Ein Rezept für Landanerkennungen.

von Azul Dugue
2024

Warum:

„Landanerkennungen“ entstanden im heutigen Kanada und sind eine Möglichkeit, die Verantwortung gegenüber der vergangenen Geschichte, der aktuellen Realität und dem zukünftigen Engagement für die Kämpfe indigener Völker auf ihren Ländereien zum Ausdruck zu bringen.

Obwohl sich die europäische Kunstszene offen in kritische Gespräche über Rassismus, Heteropatriarchat, ökologischen Extraktivismus und Kapitalismus einbringt, schweigt sie seltsamerweise beharrlich darüber, wie sie direkt von historischen und anhaltenden globalen Strukturen kolonialer Gewalt profitiert.

Landanerkennungen sind:

Ehrliche Anerkennung globaler Strukturen der Gewalt: einschließlich der Enteignung, des Völkermords, des Ökozids, der unsichtbar gemachten unterbezahlten Arbeit und der Umweltzerstörung, die (historisch und fortlaufend) die Bedingungen für das gegenwärtige koloniale System weiter gedeihen lassen.

Eine Anerkennung des Lebens und des Selbst: des Landes als lebendige Entität, die sich selbst gehört. Unser Körper als Land, das aus denselben Flüssen, Gletschern, Toxinen, Böden, Winden, Plastik und Bränden besteht wie die Territorien, zu denen wir gehören.

Ein räumlich-zeitliches Eingeständnis der Komplizenschaft: eine reife politische Fragestellung, wie wir von sich überschneidenden Krisen profitieren.

Eine Aussage über das Bekenntnis, unsere internalisierten schädlichen Denk- und Verhaltensweisen zu verlernen und diejenigen zu unterstützen, die ihr Leben riskieren, um sich gegen koloniale Gewalt zu wehren.

Ein wichtiger, aber unzureichender Schritt zur Pflege intergenerationaler und globaler Konflikte mit Demut, Ehrlichkeit und Selbstreflexivität.

Landanerkennungen sind NICHT:

Eine oberflächliche Art der Verbündetenstellung, mit der soziales Kapital erlangt oder die eigene Wohltätigkeit oder „Wachsamkeit“ verkündet werden soll. Sie sind kein generisches Skript, das universell angewendet werden kann.

Da Landanerkennungen tiefgreifend kontextuell, nuanciert und persönlich sind, ist dies eine unvollständige Liste von Fragen, die als Ausgangspunkt dienen können:

  1. Welche historischen Gewalttaten waren notwendig, damit [füge den Nationalstaat ein, in dem du dich befindest], zu dem werden konnte, was es heute ist? Wer sind die Menschen und anderen Spezies, die historisch den Preis für die Infrastruktur bezahlt haben, von der ich profitiere? Wer werden die zukünftigen Vorfahren sein, die die Kosten tragen werden, wenn sich die Dinge  nicht radikal ändern?

  2. Was sind die neokolonialen globalen Lieferketten, die meine Nahrungsmittel, Gesundheitsversorgung, Straßen, Kleidung und Unterkunft bereitstellen? Was sind die Bedingungen, die den Minen zu Grunde liegen, die die Mineralien in meinen Computern und Telefonen ausbluten? Wessen Leben ist durch meinen Abfall gefährdet (z. B. durch das Niveau des CO2-Ausstoßes in die Atmosphäre oder den Plastikabfall, der meinen Lebensstil aufrechterhält)? Wer sind die am stärksten betroffenen Gemeinschaften durch den Klima- und Naturnotstand?

  3. Was sind die Paradigmen, die diese Gewalt als Fortschritt und Entwicklung verschleiern?

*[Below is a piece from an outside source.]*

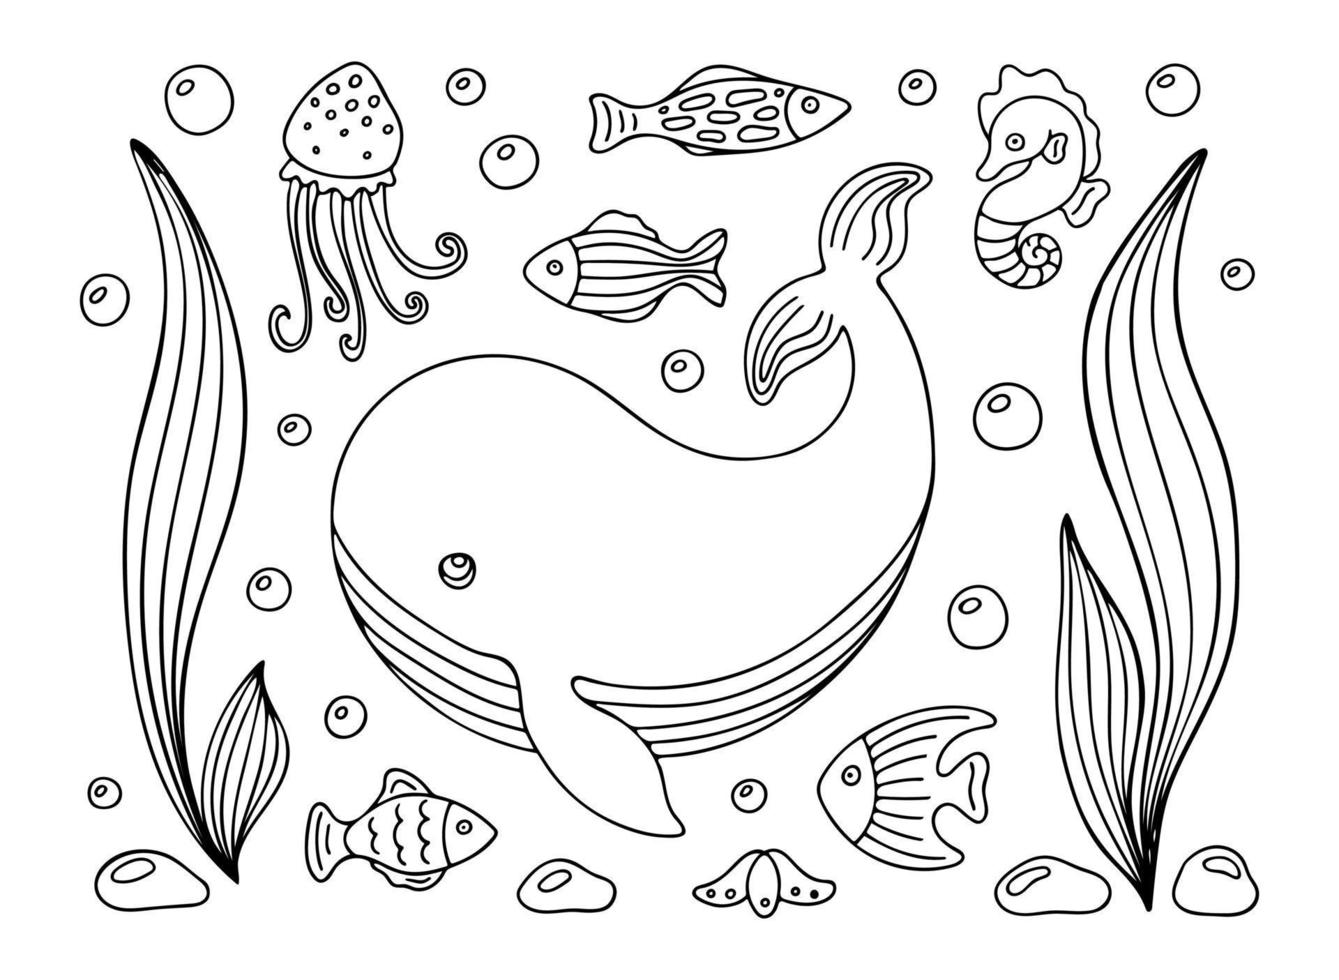 Coloring page with whale, fishes and jellyfish swimming between bubbles and algae. Hand drawn vector contoured black and white illustration. Design template for kids coloring book, poster or postcard.

  4. Wie kann ich diese harten Wahrheiten aus einem Ort der Verantwortlichkeit, Ehrlichkeit und Sorgfalt heraus ehren? Wie kann ich dies tun, ohne mich selbst durch Schuld in den Mittelpunkt zu stellen? Wie kann das Verstehen, dass ich Teil des Problems bin, zu einer tieferen relationalen Verantwortlichkeit dafür beitragen?

Hinweis: Lassen Sie den Prozess der Erstellung einer Landanerkennung Ihr Herz durchdringen und kollektivieren. Lassen Sie es persönlich werden und seien Sie spezifisch. Recherchieren Sie nach den Namen von Unternehmen, Produkten, Lebensmittel und Personen. Halten Sie die spezifischen Momente im Gedächtnis und datieren Sie sie bei Bedarf. Benennen Sie Ihre Verweigerungsimpulse und Ihre Erkenntnisse.